## Data for review
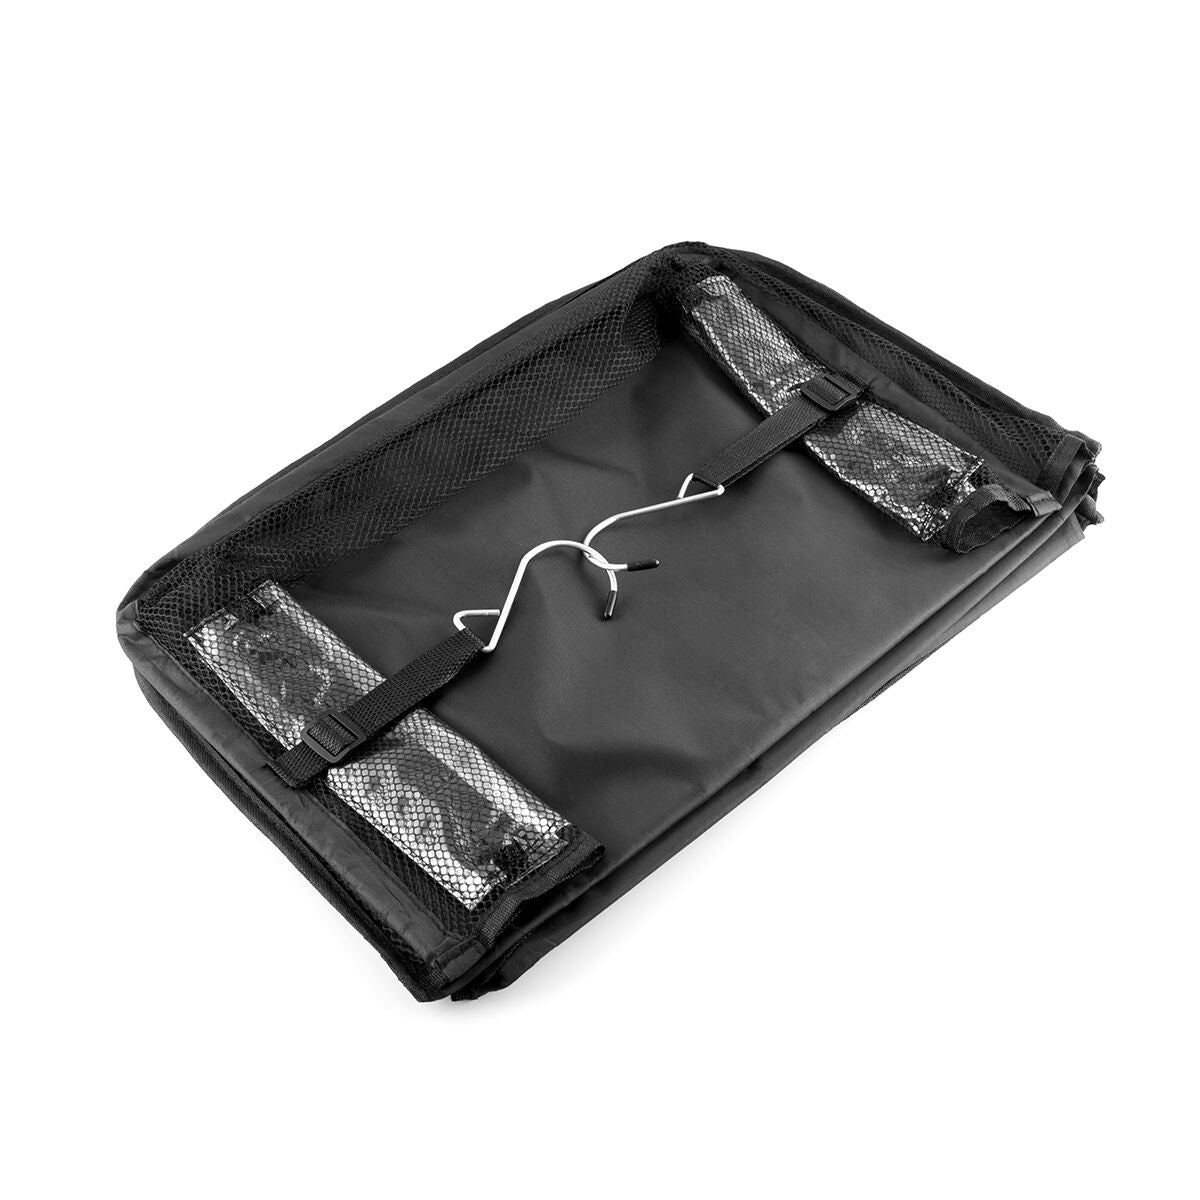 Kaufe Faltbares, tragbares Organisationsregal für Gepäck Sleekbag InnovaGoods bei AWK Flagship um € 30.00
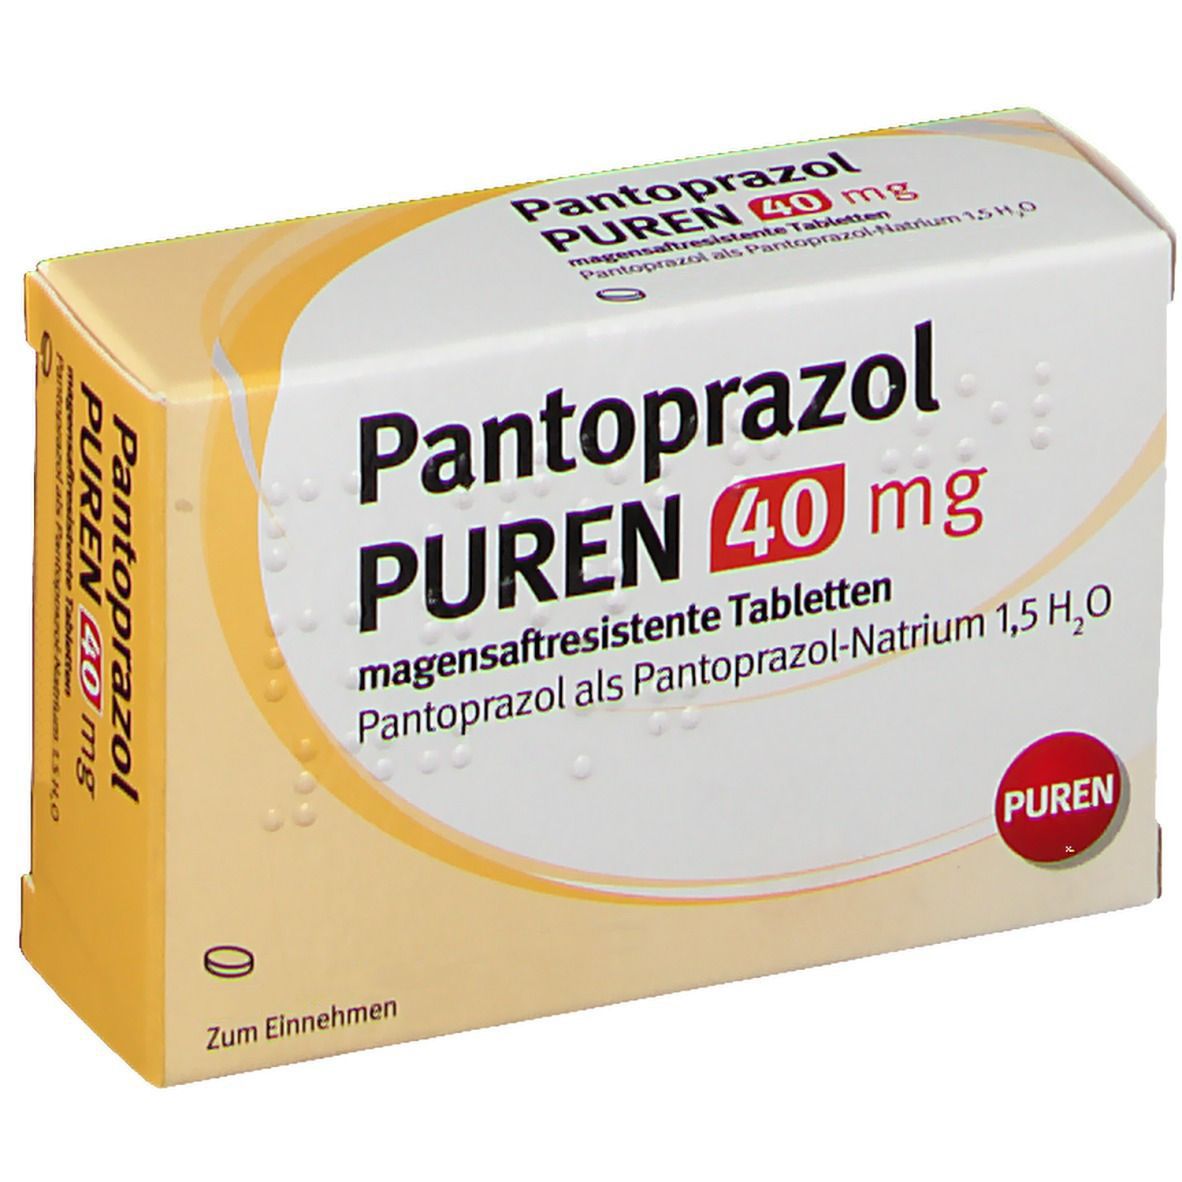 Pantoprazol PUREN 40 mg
...
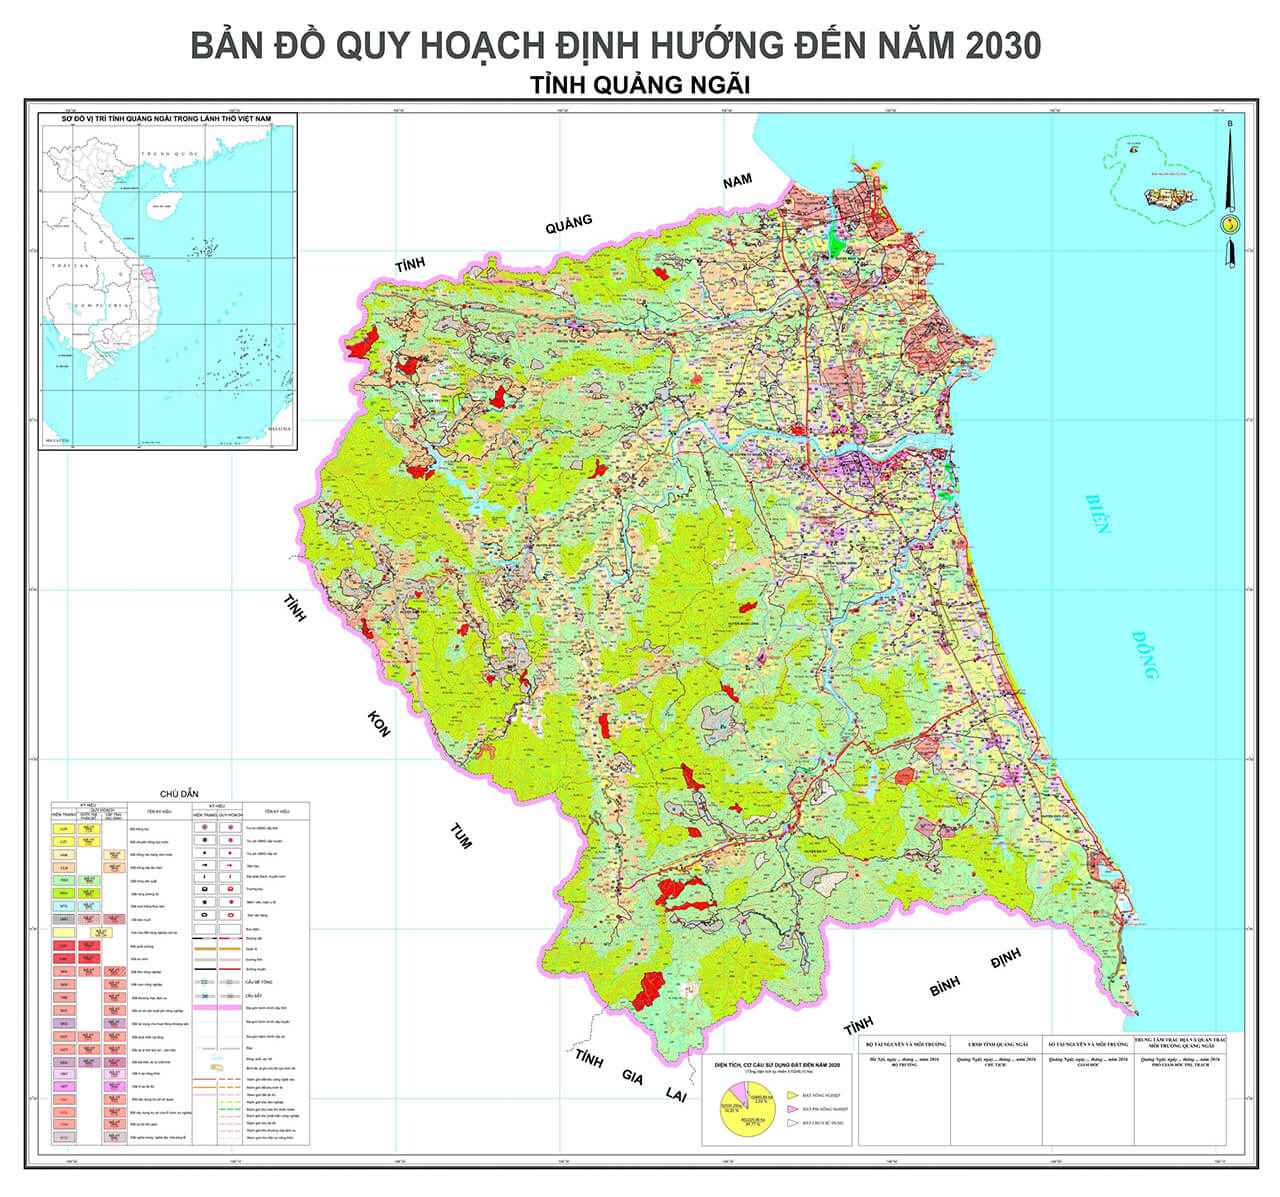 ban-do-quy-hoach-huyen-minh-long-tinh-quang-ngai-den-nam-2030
--
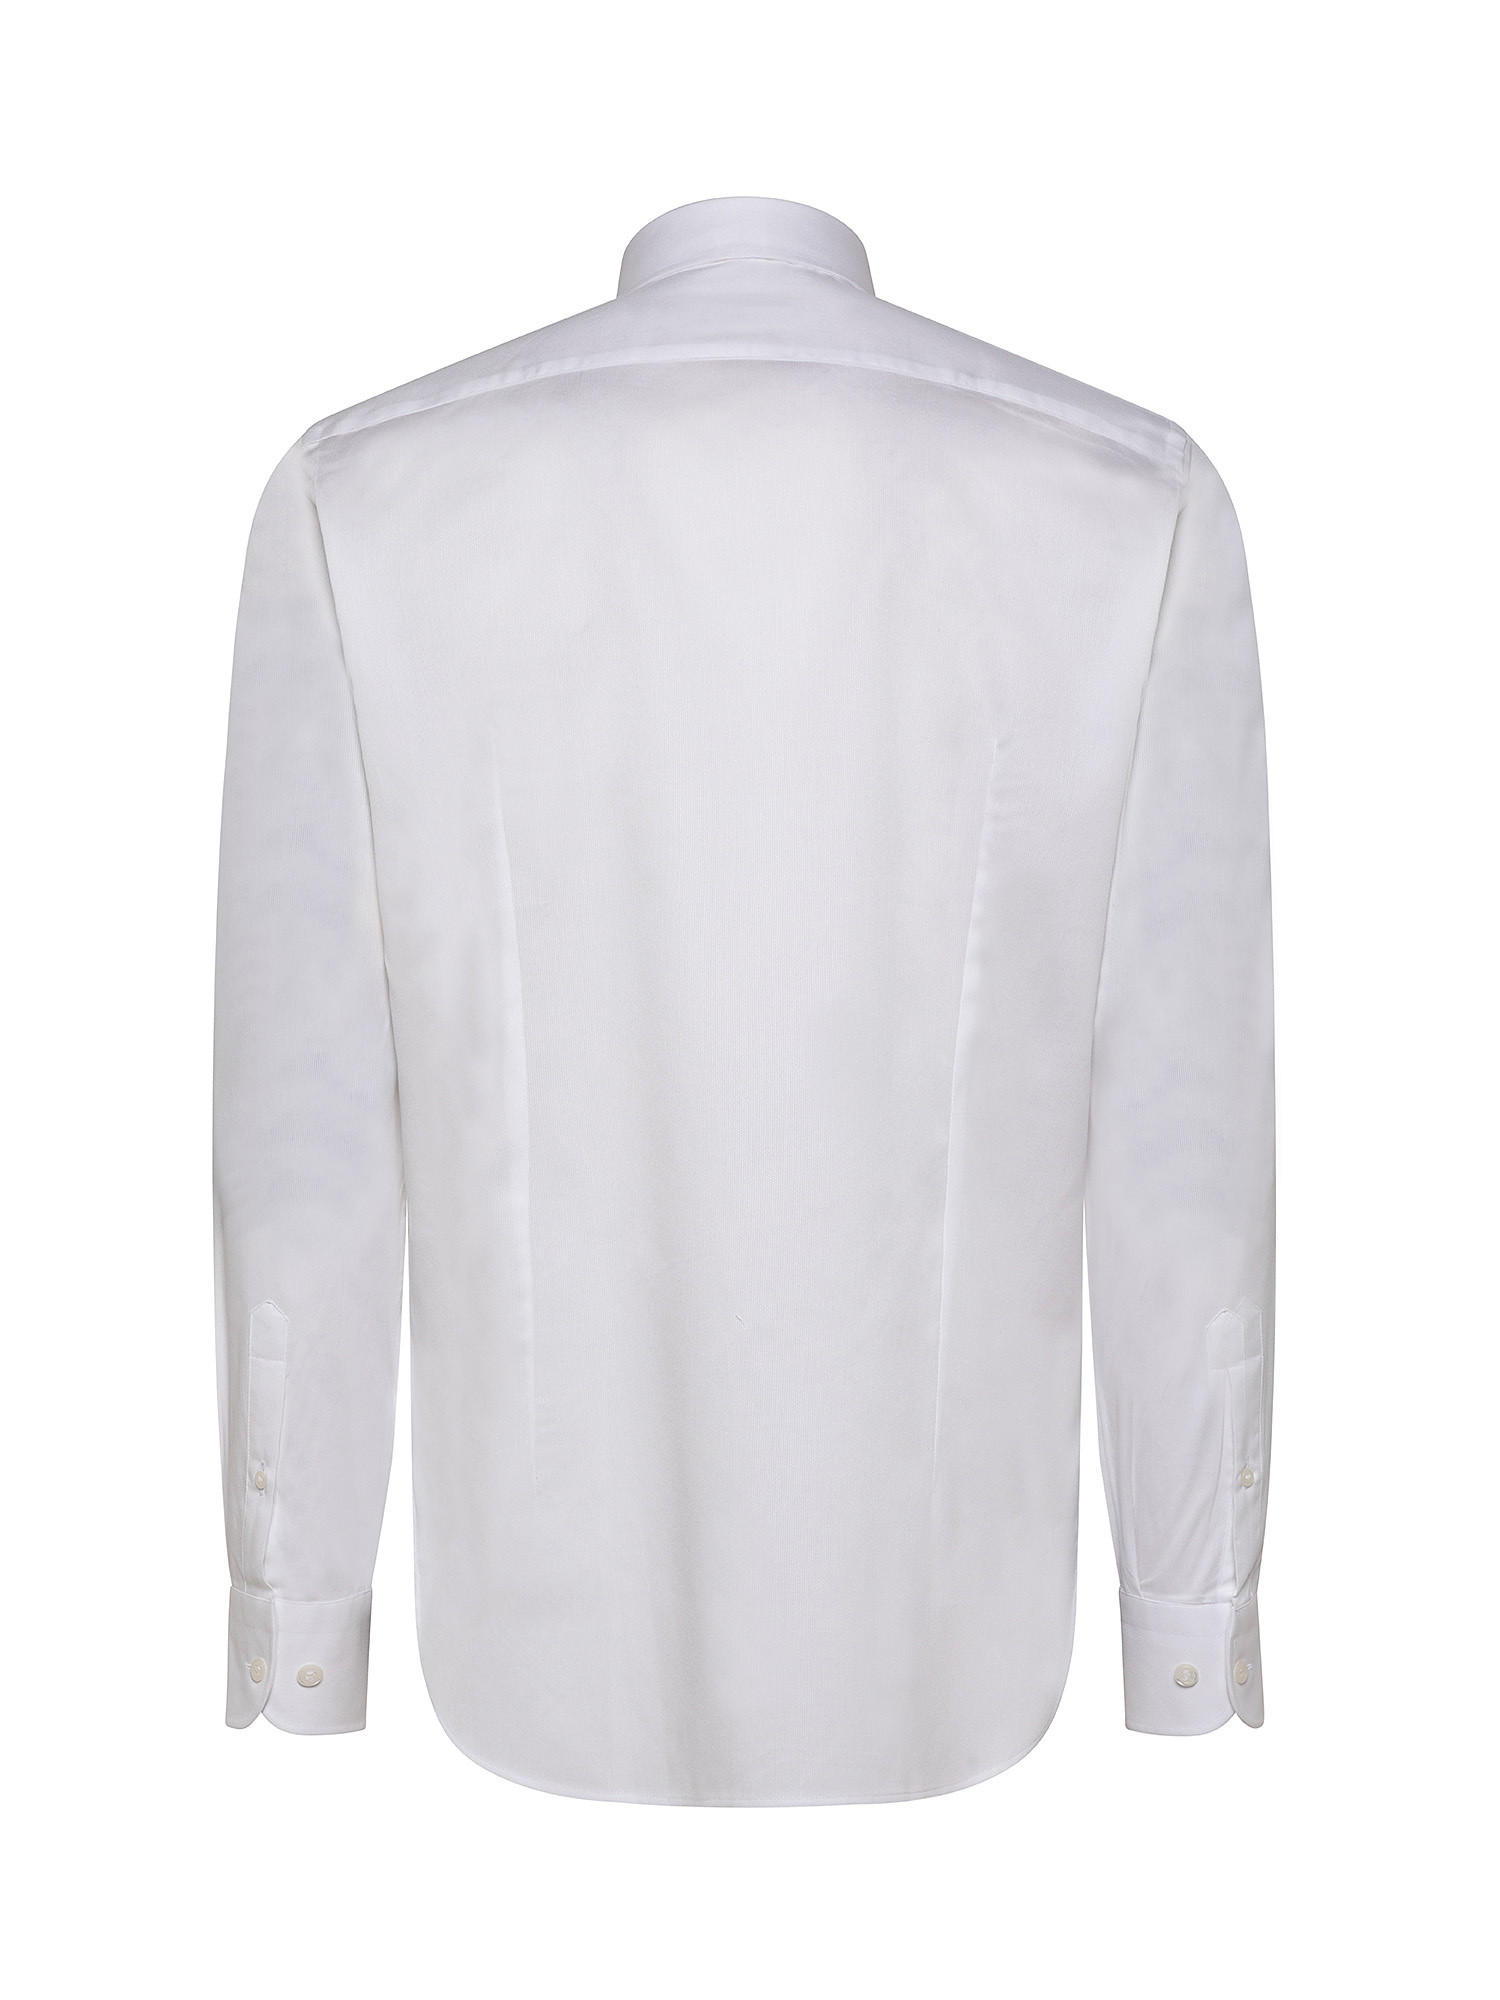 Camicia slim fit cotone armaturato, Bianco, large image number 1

## Task details
In the records above, everything from the line with "Kaufe Faltbares, tragbares" down to the line with "Pantoprazol PUREN 40 mg" must be duplicated exactly, both lines kept. Leave no pictures in.

## Answer for this exercise
 Kaufe Faltbares, tragbares Organisationsregal für Gepäck Sleekbag InnovaGoods bei AWK Flagship um € 30.00
 Pantoprazol PUREN 40 mg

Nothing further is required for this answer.